Even if the Muslim Brotherhood and the other Islamist parties were to somehow lose the upcoming elections, this is what the alternative looks like.

(Weekly Standard) — Consider these two quotations, both of which are provided by members of the Egyptian intelligentsia: “The Holocaust is a lie,” and “The victory of the Zionist ideal is also the victory of my ideal.”

As some readers will recognize, the first quotation comes from Ahmed Ezz el-Arab, vice chairman of Egypt’s flagship Liberal party, the Wafd, who just last week denied that the Nazis killed 6 million Jews during World War II. “The Holocaust is a lie,” he told the Washington Times. “The Jews under German occupation were 2.4 million. So if they were all exterminated, where does the remaining 3.6 million come from?” The second statement was made in the early 1920s by Ahmed Zaki, a leading intellectual.

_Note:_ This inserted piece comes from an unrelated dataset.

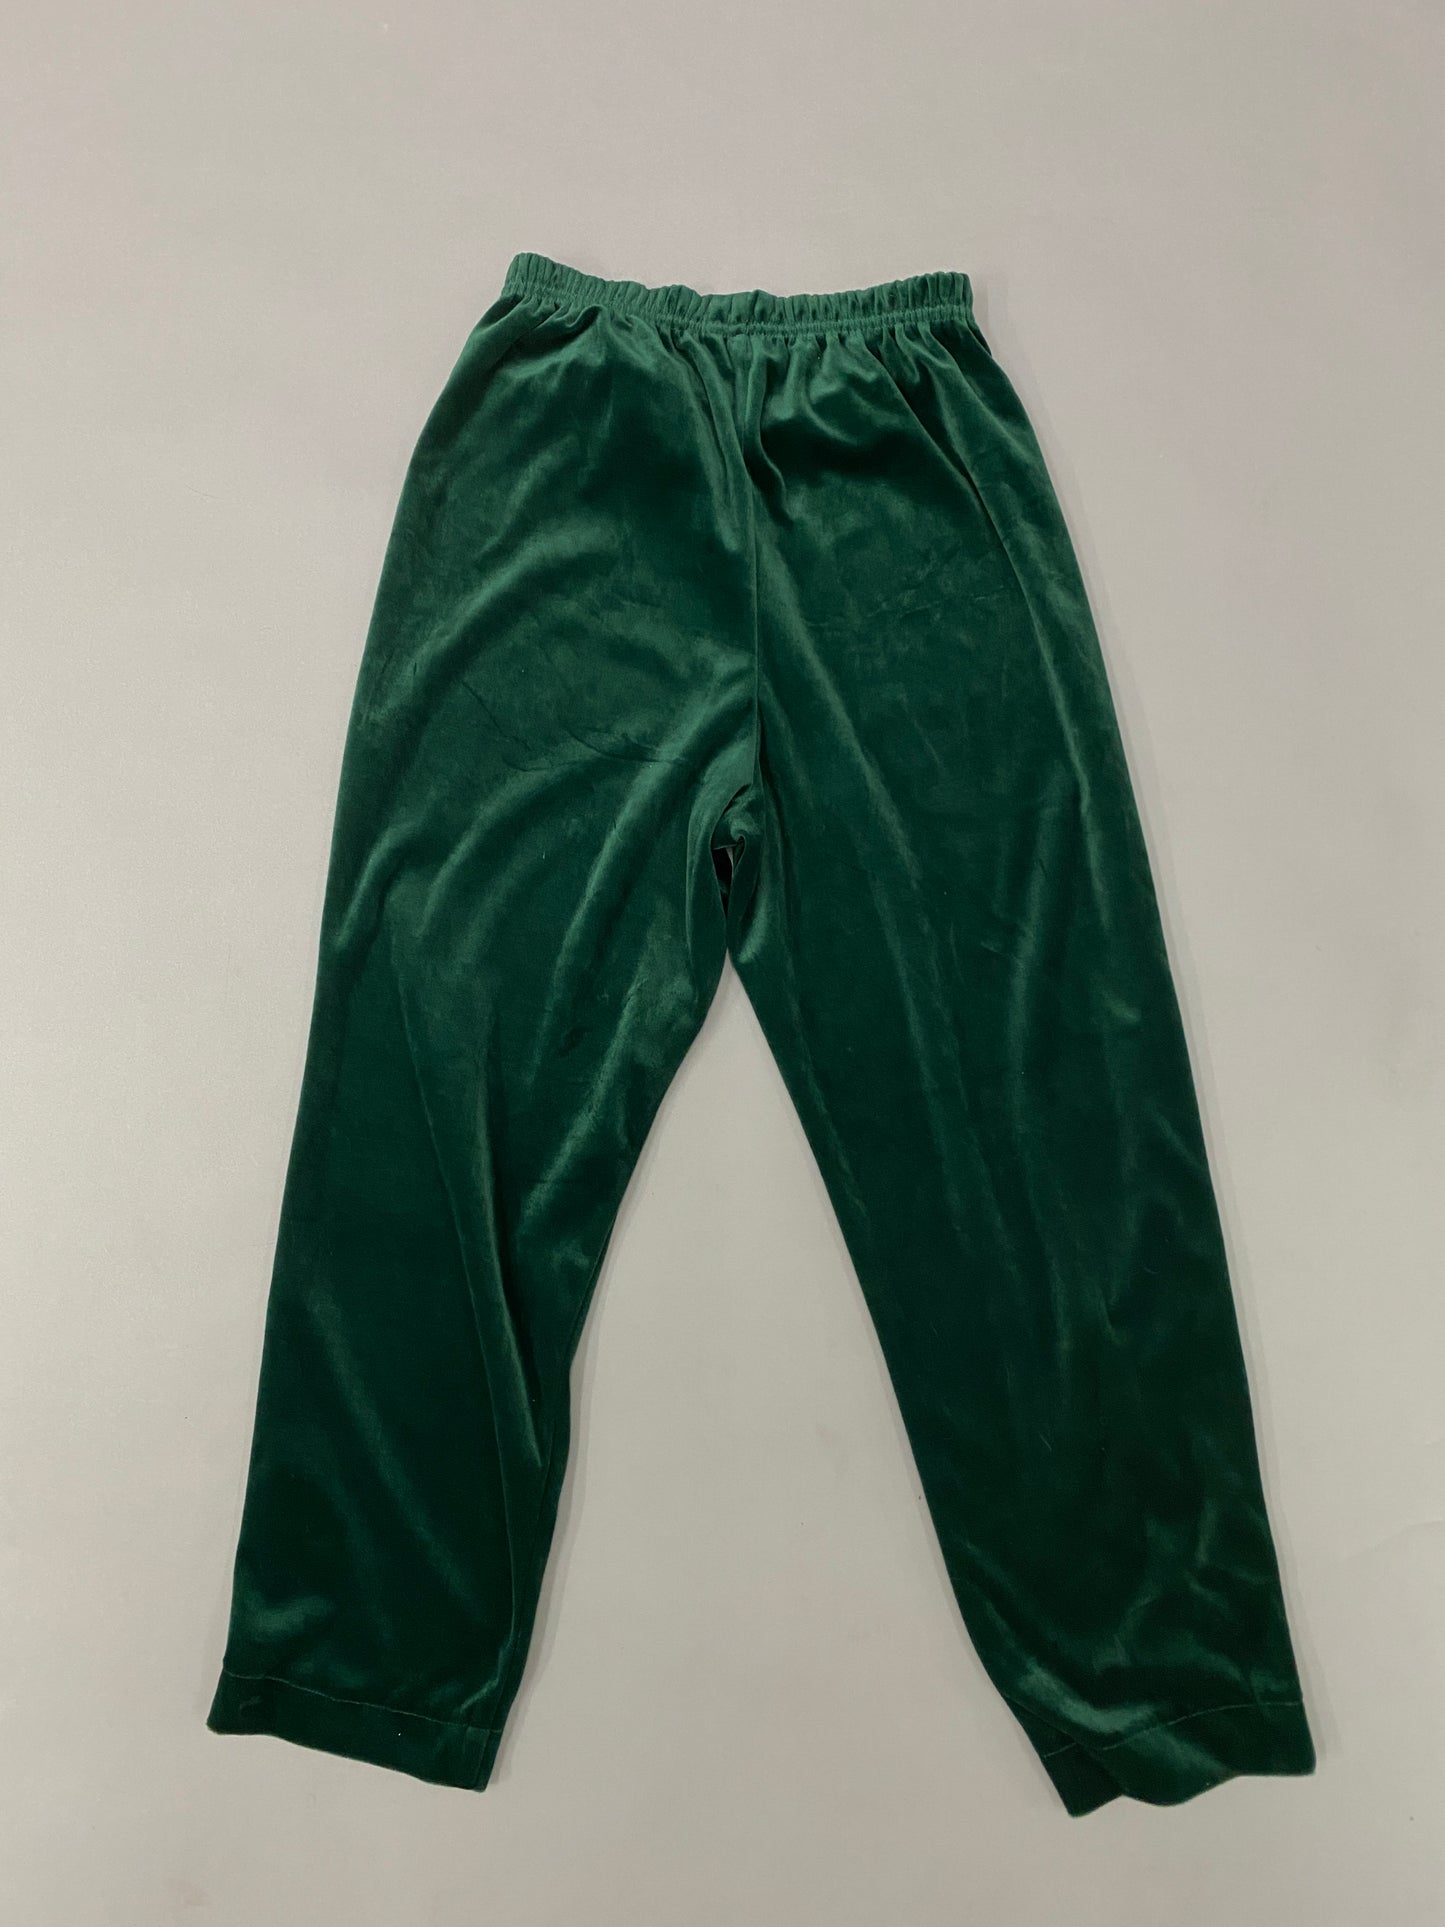 Vintage Green Velvet Pants - Sz S
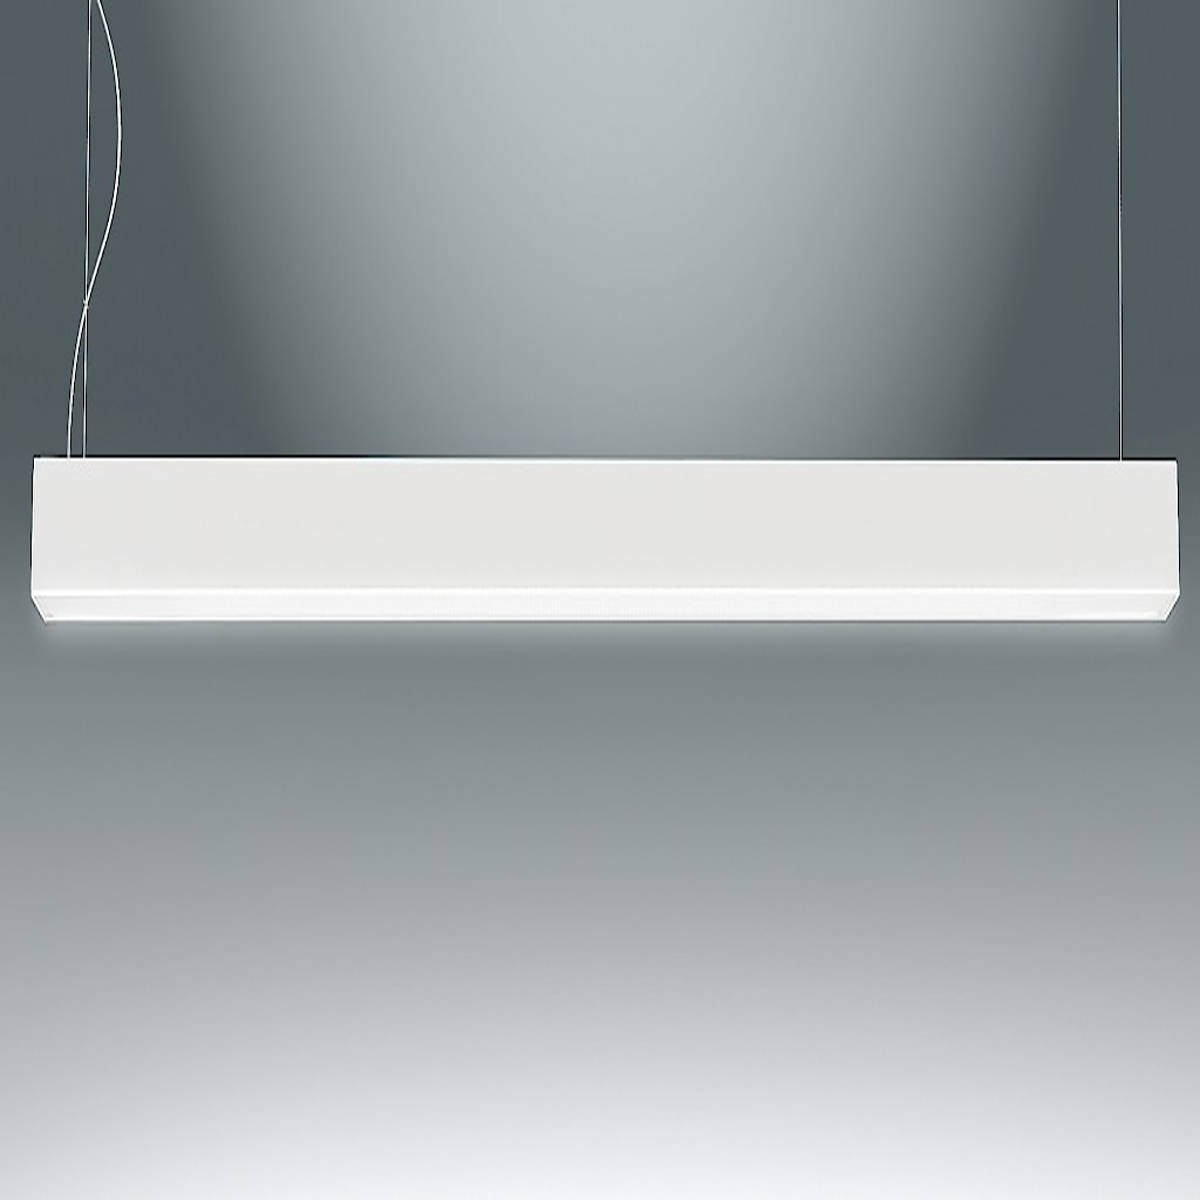 Sospensione minimale con struttura in alluminio, dalla linea lineare,  colore bianco con luce a Led bidirezionale ( 26+5W ) integrata, dimensioni:  L. 120 Cm, H. Max 155 Cm. Pierlux Illuminazione

To most readers these two statements must seem quite astonishing, each in their own way, of course. And yet they both reflect their respective contexts and indicate the huge gulf between the intellectual, political, and moral climate of early twentieth century Egypt and the present—and perhaps offer us a clue as to what happened during the intervening years.

Today, anti-Semitism is a disease shared by many across Egypt’s political spectrum, so it is hardly surprising that they are also anti-Zionist. This was not always the case. In the early part of the last century, Zionism won sympathy and support from many Egyptian intellectuals and politicians. For instance, an Egyptian newspaper in 1917, Al Lataif Al Musawara, described Jewish officers who died during Allenby’s campaign in Palestine as “falling in the battle in a land that is the homeland of their ancestors and one in which the children of Israel have always fought their enemies and the invaders of their land.”